### MATERIAL SHOWN
'''

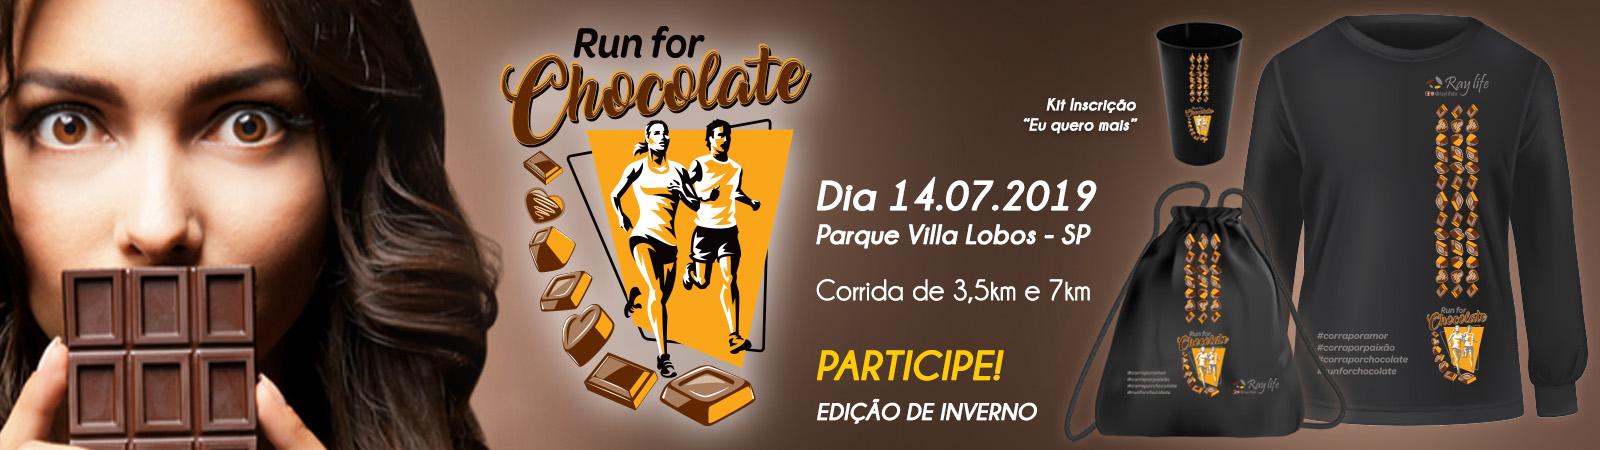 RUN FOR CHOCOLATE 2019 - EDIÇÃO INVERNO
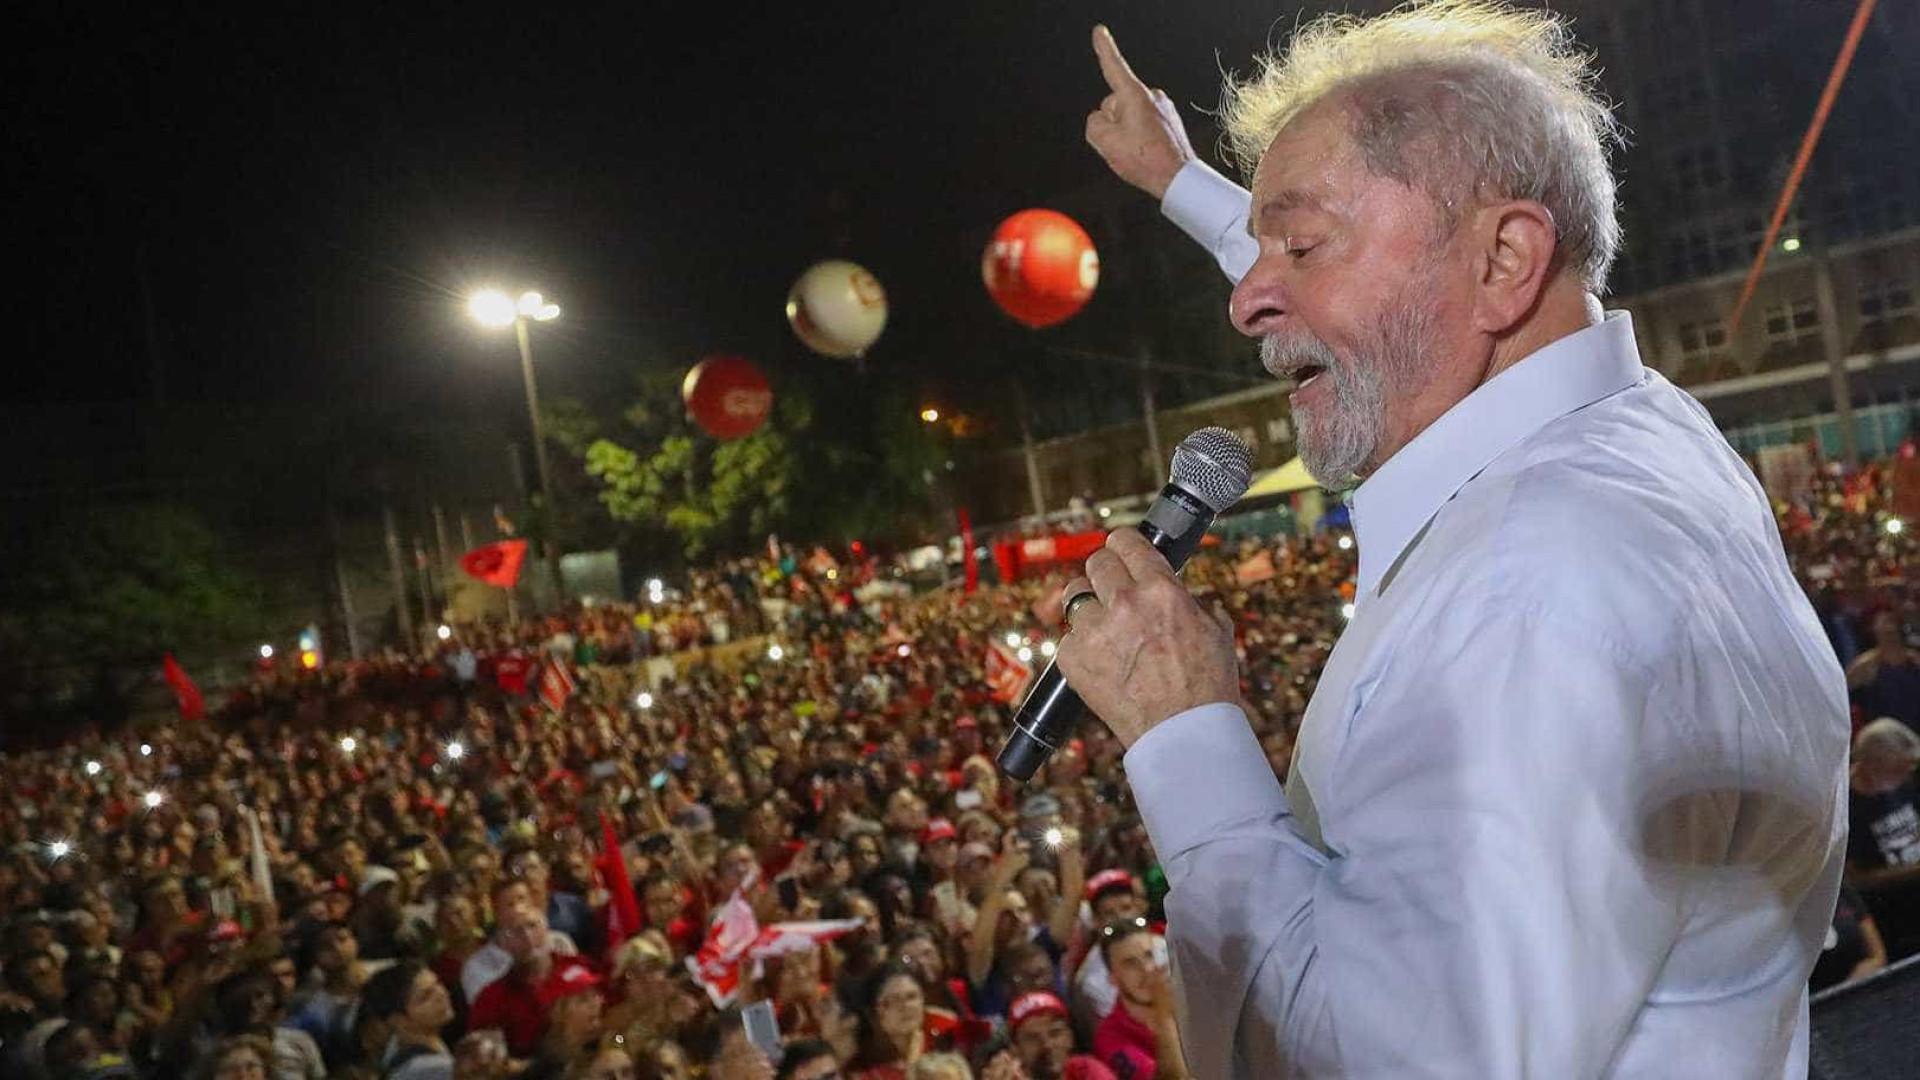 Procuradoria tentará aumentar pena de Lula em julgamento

'''
'''

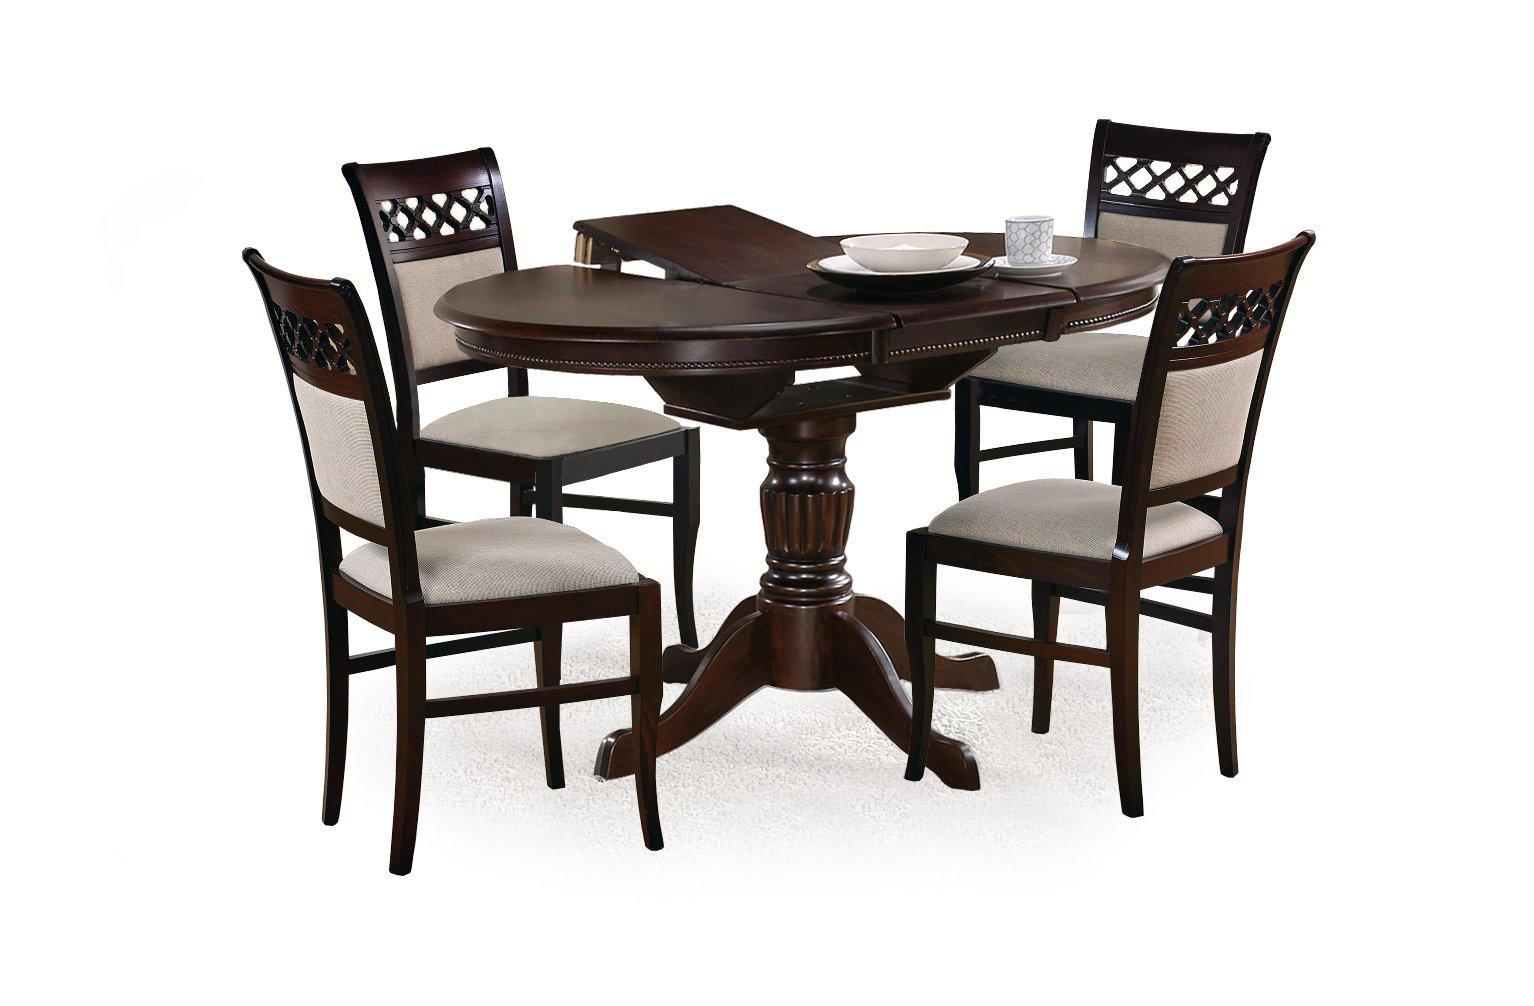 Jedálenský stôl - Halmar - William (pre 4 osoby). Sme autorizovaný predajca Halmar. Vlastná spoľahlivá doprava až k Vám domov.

'''

### WORK ORDER
Those lines of the records above that run from the one containing "RUN FOR CHOCOLATE 2019 - EDIÇÃO INVERNO" through the one containing "Procuradoria tentará aumentar" should be returned exactly, with no pictures among them.

### EXERCISE OUTPUT
 RUN FOR CHOCOLATE 2019 - EDIÇÃO INVERNO
 Procuradoria tentará aumentar pena de Lula em julgamento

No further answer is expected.